Venue Anuganti's typical big data architecture: http://t.co/xMJTOxRh
Typical “Big” Data Architecture http://t.co/NQ1XJPuW via @zite
[...] Muzammil: Thanks for such a useful artic… [...]
RT @xguru: Typical “Big” Data Architecture http://t.co/yXgad9qI 너무 간략화 된것 같기는 한데.. 그림한장과 함께 짧은글로 정리되어서 좋네요
RT @xguru: Typical “Big” Data Architecture http://t.co/X8vZqfUX 너무 간략화 된것 같기는 한데.. 그림한장과 함께 짧은글로 정리되어서 좋네요
[...] Familiar with various tools and components in the data architecture [...]
RT @vanuganti: Typical “Big” Data Architecture http://t.co/U7lXNSms
RT @xguru: Typical “Big” Data Architecture http://t.co/yXgad9qI 너무 간략화 된것 같기는 한데.. 그림한장과 함께 짧은글로 정리되어서 좋네요
[...] data architecture, that covers most components involved in the data pipeline.See on venublog.com 이것이 좋아요:좋아하기Be the first to like [...]

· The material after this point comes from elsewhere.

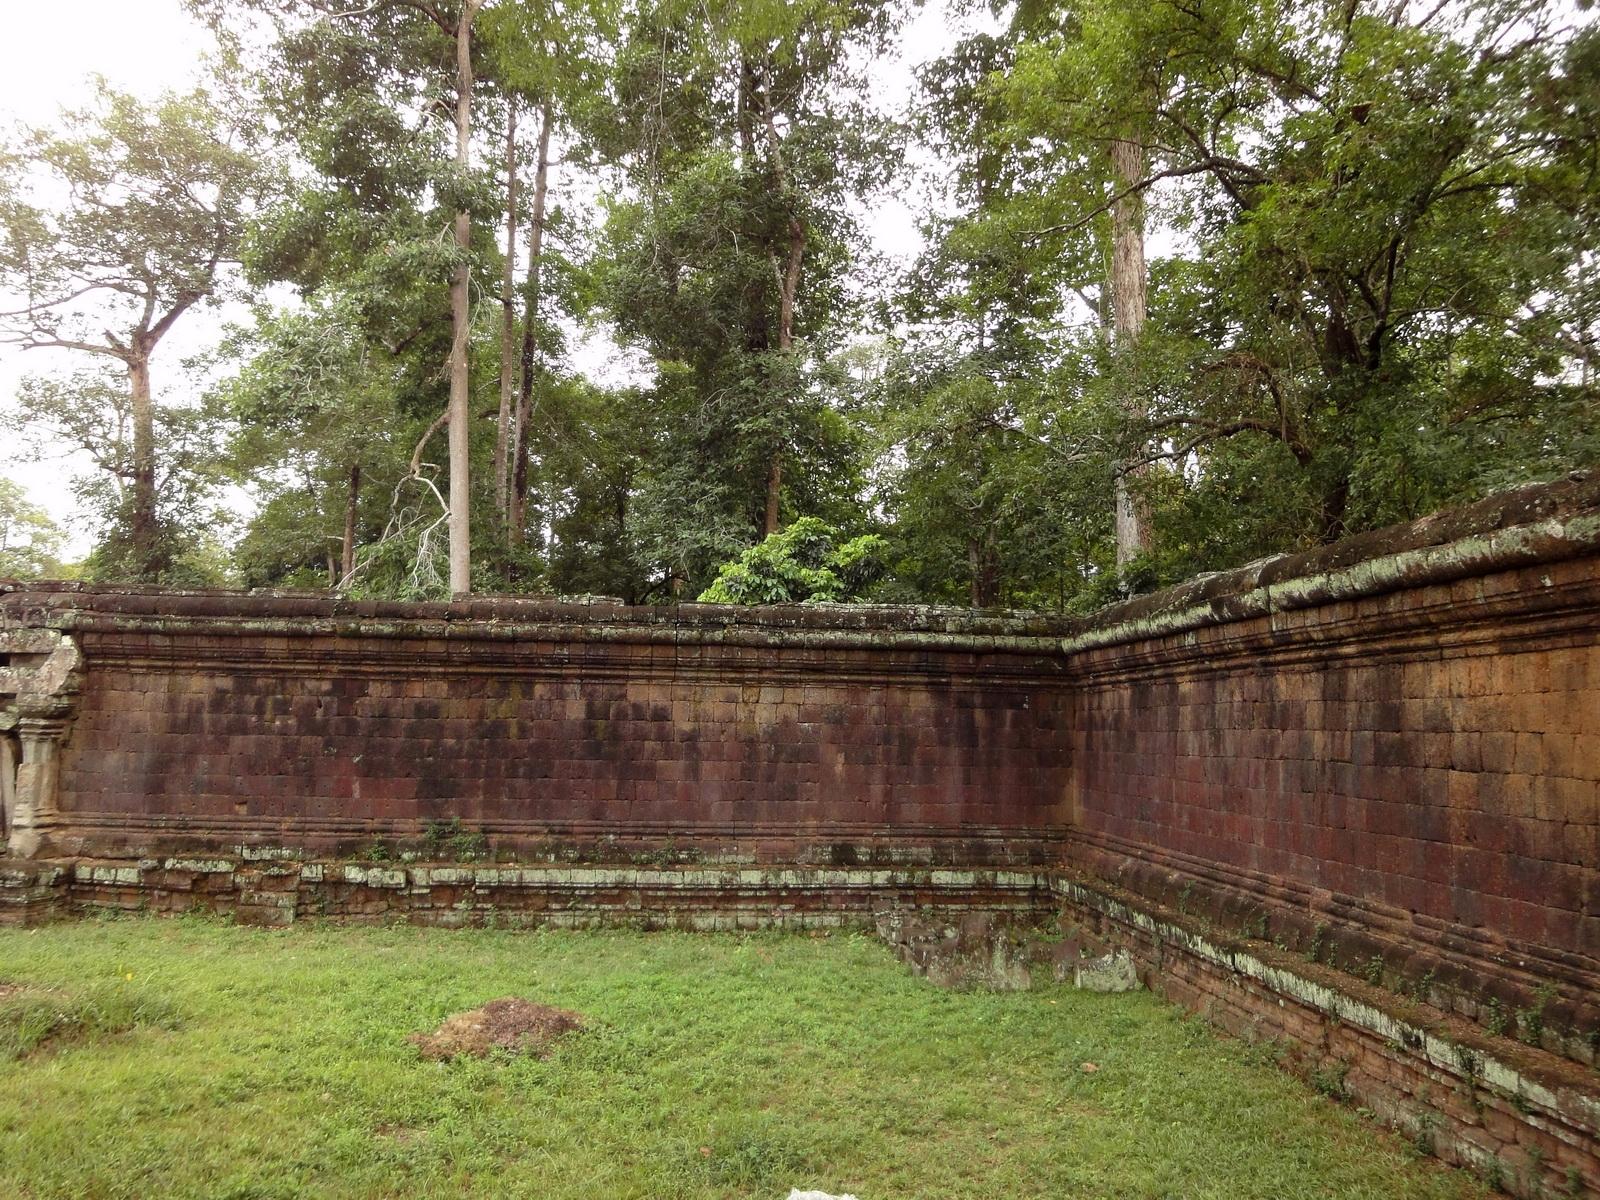 Terrace of the Elephants terrace views Angkor Thom 16

RT @xguru: Typical “Big” Data Architecture http://t.co/r4YgH8Zq 너무 간략화 된것 같기는 한데.. 그림한장과 함께 짧은글로 정리되어서 좋네요
Typical "Big" Data Architecture http://t.co/yXgad9qI 너무 간략화 된것 같기는 한데.. 그림한장과 함께 짧은글로 정리되어서 좋네요
Typical "Big" Data Architecture http://t.co/yXgad9qI 너무 간략화 된것 같기는 한데.. 그림한장과 함께 짧은글로 정리되어서 좋네요
Typical "Big" Data Architecture http://t.co/yXgad9qI 너무 간략화 된것 같기는 한데.. 그림한장과 함께 짧은글로 정리되어서 좋네요
Typical "Big" Data Architecture http://t.co/yXgad9qI 너무 간략화 된것 같기는 한데.. 그림한장과 함께 짧은글로 정리되어서 좋네요
RT @xguru: Typical "Big" Data Architecture http://t.co/X8vZqfUX 너무 간략화 된것 같기는 한데.. 그림한장과 함께 짧은글로 정리되어서 좋네요
Typical "Big" Data Architecture http://t.co/yXgad9qI 너무 간략화 된것 같기는 한데.. 그림한장과 함께 짧은글로 정리되어서 좋네요
Typical "Big" Data Architecture http://t.co/yXgad9qI 너무 간략화 된것 같기는 한데.. 그림한장과 함께 짧은글로 정리되어서 좋네요
Typical "Big" Data Architecture http://t.co/yXgad9qI 너무 간략화 된것 같기는 한데.. 그림한장과 함께 짧은글로 정리되어서 좋네요
Typical "Big" Data Architecture http://t.co/yXgad9qI 너무 간략화 된것 같기는 한데.. 그림한장과 함께 짧은글로 정리되어서 좋네요
RT @xguru: Typical "Big" Data Architecture http://t.co/r4YgH8Zq 너무 간략화 된것 같기는 한데.. 그림한장과 함께 짧은글로 정리되어서 좋네요
Typical "Big" Data Architecture http://t.co/yXgad9qI 너무 간략화 된것 같기는 한데.. 그림한장과 함께 짧은글로 정리되어서 좋네요
readkev: http://t.co/4Xh2pPbK Typical “Big” data architecture, that … http://t.co/5ArGg64K
Typical "Big" Data Architecture http://t.co/yXgad9qI 너무 간략화 된것 같기는 한데.. 그림한장과 함께 짧은글로 정리되어서 좋네요
Venu Anuganti Blog » Typical “Big” Data Architecture http://t.co/LyuwIkD5
RT @vanuganti: Typical “Big” Data Architecture http://t.co/MXcXjSoo
RT @vanuganti: Typical Big Data Architecture http://t.co/MXcXjSoo
Typical “Big” Data Architecture http://t.co/JNTRrZj7
[...] The “typical” Big Data Architecture model above comes from one of my favorite sources of inspiration the Venu Anuganti Blog. [...]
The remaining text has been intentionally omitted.